Here is an example of -hosts map usage:
-
On the NFS client paris running automount,
the administrator specifies the -hosts map in the automount
master map:
/net -hosts
-
When automount starts, it builds the mount point
named /net and listens for requests that cross this mount point.
-
A user executes:
cd /net/london
-
automount detects that the mount point /net has
been accessed.
It consults its maps and finds that the -hosts built-in map is
specified for the /net mount point.
automount executes the library routine
gethostbyname london
(See
gethostbyname(SLIB)
for information on this command.)
This command queries the name server, that is
named(ADMN),
if running or, if the name server is not running, looks for
an entry for london in
the /etc/hosts file on the local host.
gethostbyname returns information on how to reach
the server london.
(If gethostbyname cannot acquire this information,
the cd command fails.)
-
automount queries london's mount service using
the RPC null
procedure to check whether it is responding.
-
If london's mount service responds, automount requests of
london the list of all filesystems
that london is permitted to export to paris.
-
automount sorts the received list according to the length
of the pathname.
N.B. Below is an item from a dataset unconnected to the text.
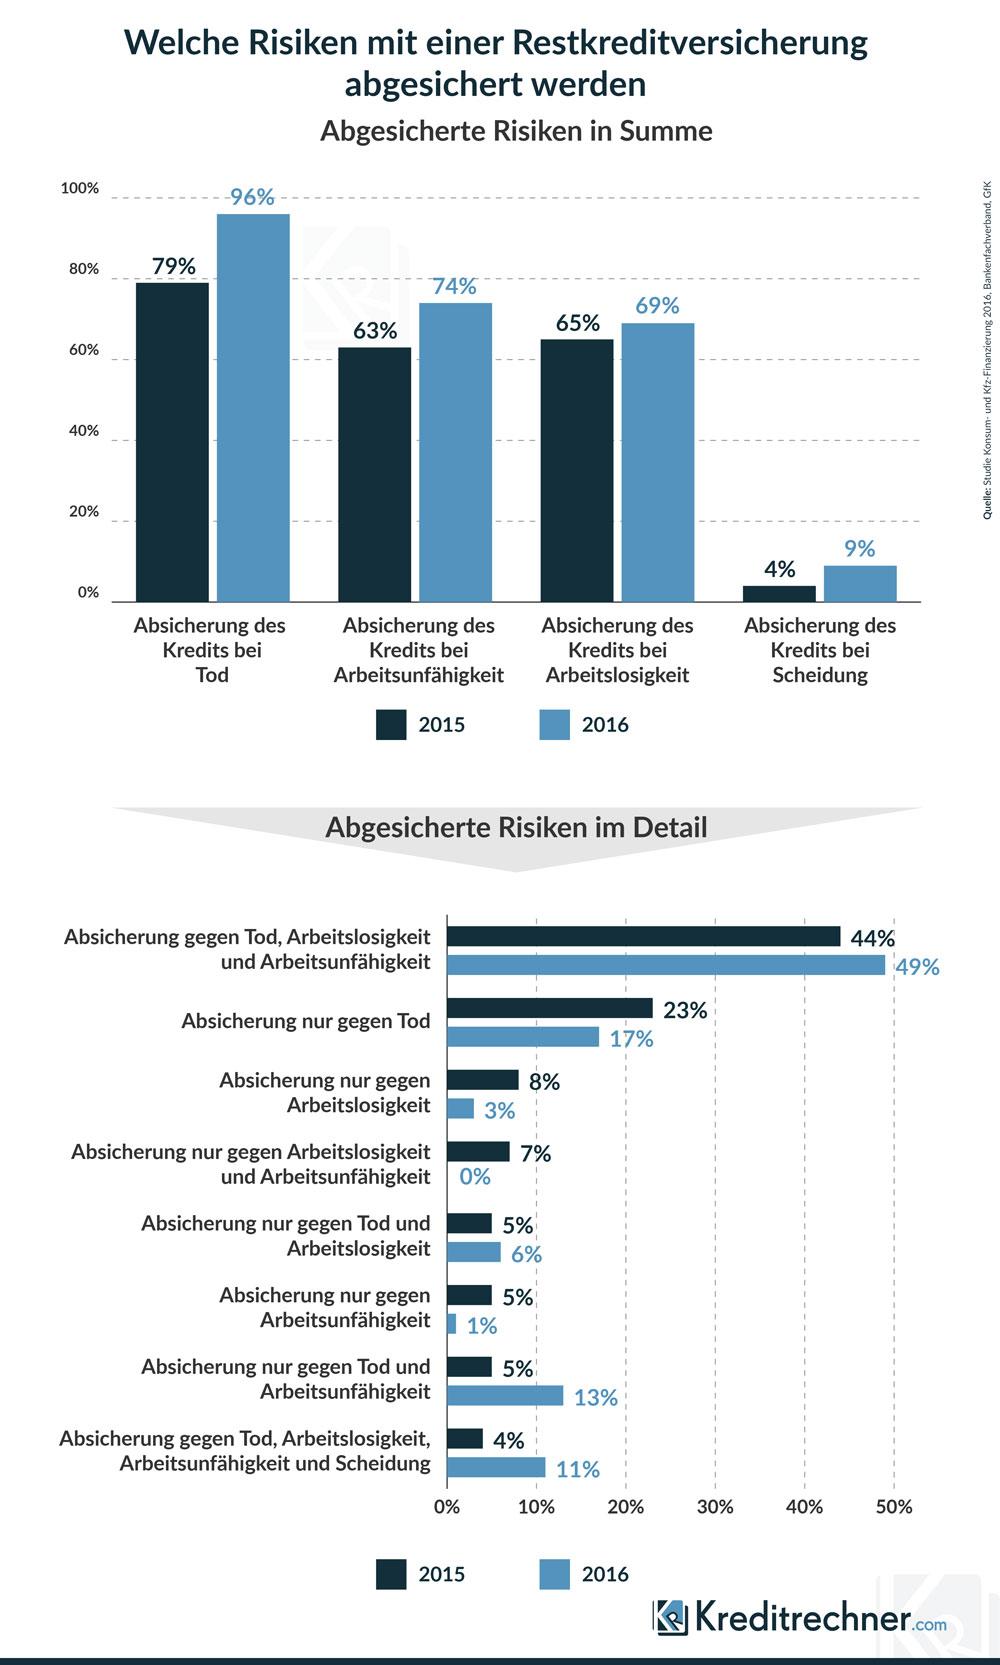 Ergebnisse der Studie der GfK zu Restkreditversicherungen

For example:
/usr/src
/export/home
/usr/src/sccs
/export/root/blah
This sorting ensures that the mounting is done in the proper
order, that is, /usr/src is done before
/usr/src/sccs.
-
automount creates the mount points needed under /tmp_mnt
and creates the various directories needed under /net/london.
-
automount proceeds down the sorted list, mounting all the
filesystems at mount points in /tmp_mnt.
-
automount links all of the /tmp_mnt mounted
filesystems to their respective locations under /net/london.
-
The user who executed the command cd /net/london is placed in the
root filesystem of the machine london.
The user, however, may not
see all the files and directories under the root filesystem
of the server london.
This is because automount can mount only
the filesystems that london has permission to export
to paris.
This permission is configured
in the /etc/exports file on the server london.
-
automount unmounts all of the filesystems mounted
from london at one time when all activity in these
filesystems on the client paris ceases for the idle
duration specified on the automount daemon command line.
NOTE:
If the user had executed the command cd /net/london/usr
instead of cd /net/london, automount would
still mount all exportable filesystems from london and
not just /net/london/usr.
See
``Using built-in automount maps''
for examples of using the -hosts map.